Der Toleranz-Gedanke gehört zu den wertvollsten Errungenschaften Europas. Doch Christen leiden oft unter Intoleranz und werden beschuldigt, zuwenig tolerant zu sein. Was dürfen sie an Toleranz erwarten – und wo müssen sie toleranter werden?
Mit dem spannenden Thema beschäftigte sich die Delegiertenversammlung der Schweizerischen Evangelischen Allianz (SEA) am Freitag in Zürich. Hintergrund der Themenwahl sind Tendenzen in der Gesellschaft, welche christliche Gruppen und christliches Gedankengut an den Rand drängen.
An der Veranstaltung gab der ehemalige Rektor und Dozent für Kirchengeschichte am Theologisch-Diakonischen Seminar Aarau (TDS), Peter Henning, einen spannenden Einblick in die Geschichte des Toleranzgedankens. Sie beschäftigte seit dem Mittelalter Denker wie Nikolaus von Kues, Lessing, Erasmus von Rotterdam, aber auch christliche Gruppen wie die Täufer. Ein Höhepunkt der Entwicklung ist der Toleranzartikel in der Allgemeinen Erklärung der Menschenrechte, welche den Anspruch jedes Menschen auf Gedanken-, Gewissens- und Religionsfreiheit festhält.
Gottesbezug in Europa verdunstet
Aktuell beobachtet Henning aber eine Ideologisierung der Toleranz, die zum Teil in einer antireligiösen Aggression mündet. Ein Grund dafür sei die «Verdunstung» des Gottesbezugs in der europäischen Gesellschaft, die sich in rasantem Tempo vollziehe. Immer öfter würden jetzt religionsfreie Räume eingefordert. Sie seien für den Frieden in der multireligiösen und multikulturellen Welt nötig. Toleranz werde nun definiert als «Freiheit von Religion» statt als «Freiheit für die Religion». Damit aber könne die Toleranzforderung zum Feind der Toleranz werden, so Henning.
Wer Toleranz fordert, muss tolerant sein
Gegen eine solche «fundamentalistische Toleranzideologie» müssten sich Christen wehren, wenn sie eine Toleranz meinen, die ohne Bezug zu transzendenten Grundwerten alles tolerieren und erlauben solle. Genuin christlich sei jedoch die Religions- und Gewissensfreiheit.
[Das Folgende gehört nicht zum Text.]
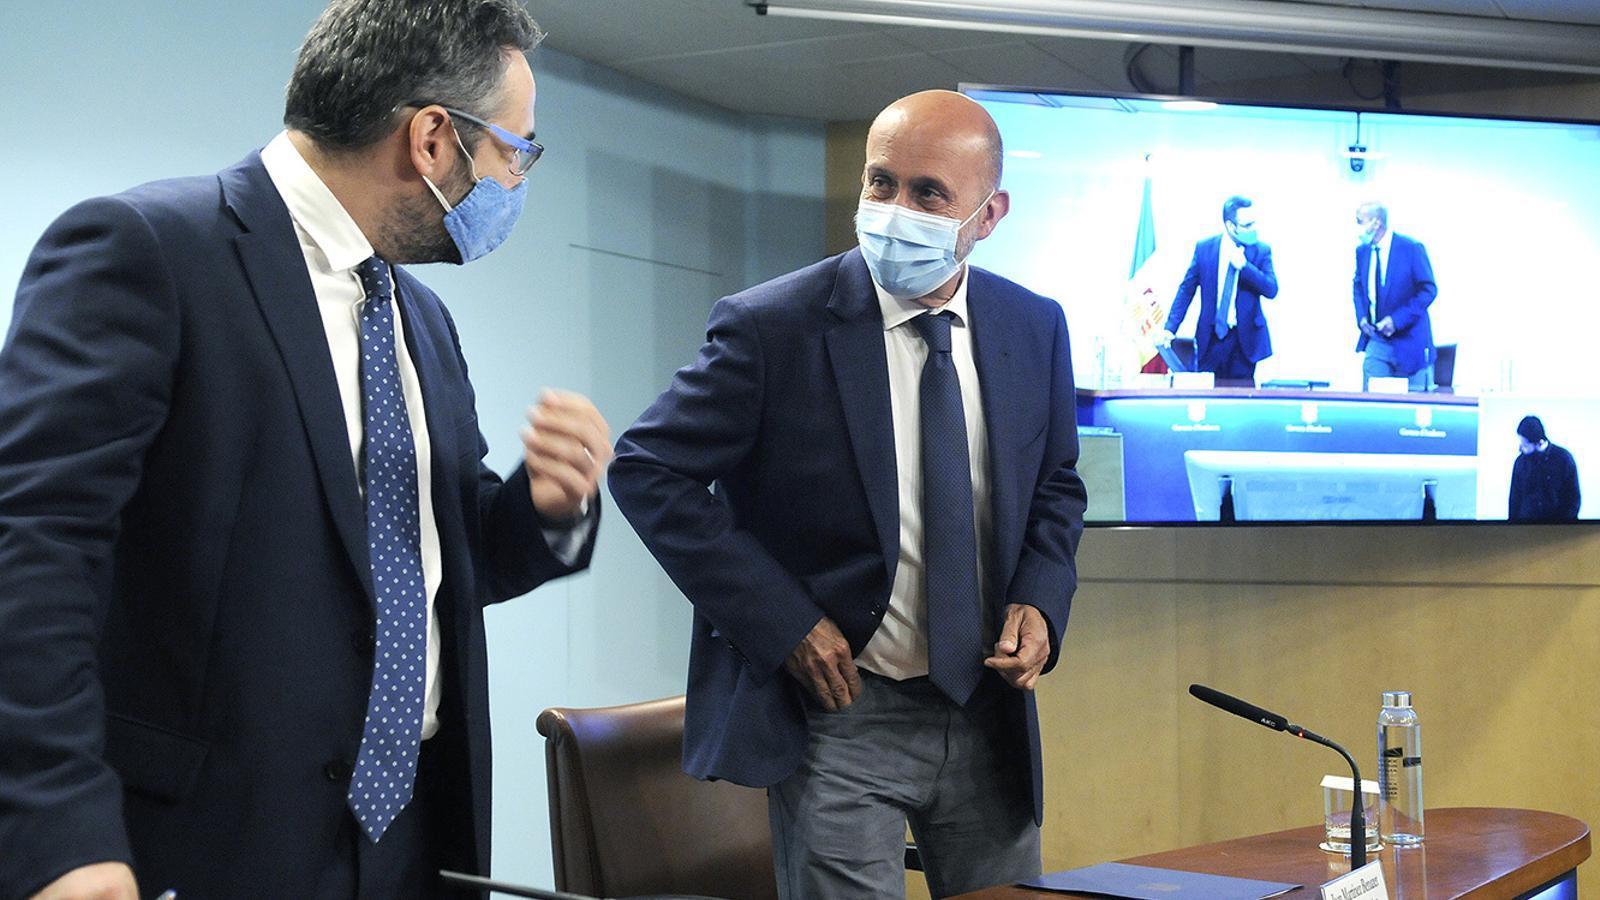 Els ministres portaveu i de Salut, Eric Jover i Joan Martínez Benazet, amb la mascareta posada. / SFG
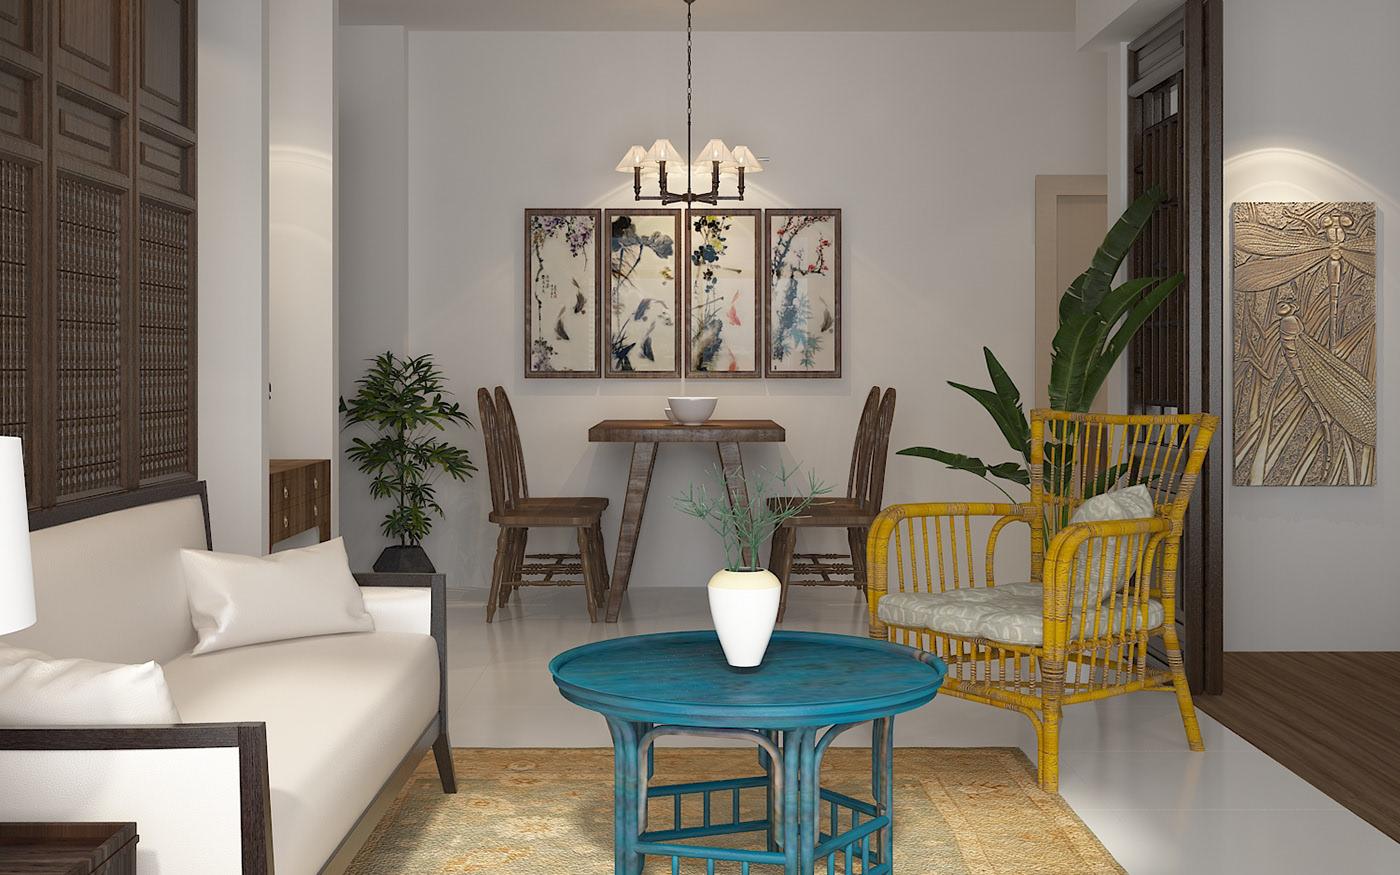 Bàn ăn nối liền phòng khách trong mẫu thiết kế nội thất chung cư tại Hải Phòng

Und diese habe für Christen klare Folgen: «Wir fordern für uns Toleranz und respektvollen Umgang, und wir 'tolerieren' ebenso respektvoll Andersgläubige, Atheisten und Agnostiker unter Vermeidung jeder abschätzigen Verurteilung dessen, was uns fremd, ungewohnt oder komisch vorkommt.» Dies habe auch die Europäische Evangelische Allianz in einer «Globalen Charta der Gewissensfreiheit» so festgehalten.
Wo Selbstkritik und wo Widerstand angebracht ist
Zweitens sollten Christen den Glauben frei bezeugen, aber auch respektvoll mit den Gegnern reden und ihre Überzeugungen in die Gesellschaft einbringen. Sie müssten einen Kommunikationsstil und eine Dialogkultur entwickeln, welche gleichzeitig die Aussagen des Neuen Testaments und die Menschenwürde des Gegners beachte. Gerade auch dann, «wenn wir kritisch intolerant protestieren müssen».
Im Blick auf Kritik an christlichen Gruppen oder Organisationen gab Henning zu bedenken: «Wenn wir jedoch als intolerante Sektierer hingestellt werden, sollten wir selbstkritisch nach der Ursache für dieses Image fragen. Christen könnten aber nie tolerieren, wenn grundsätzlich eine Freiheit von der Religion und vom Christentum gefordert werde. Sie müssten dann mit passivem (leidendem und mitleidendem) Widerstand reagieren. Denn solche Intoleranz führe immer wieder zu unmenschlichen Systemen, in denen dann auch Christen eine bedrängte Minderheit sind.»
Vor jeder «Antwort» wäre jedoch zu bedenken, welche Reaktion angemessen ist: Es könne sich dabei um Schweigen, Nichtbeachtung, Protest, öffentliche Verteidigung, multimediale Richtigstellung oder Anklageerhebung handeln.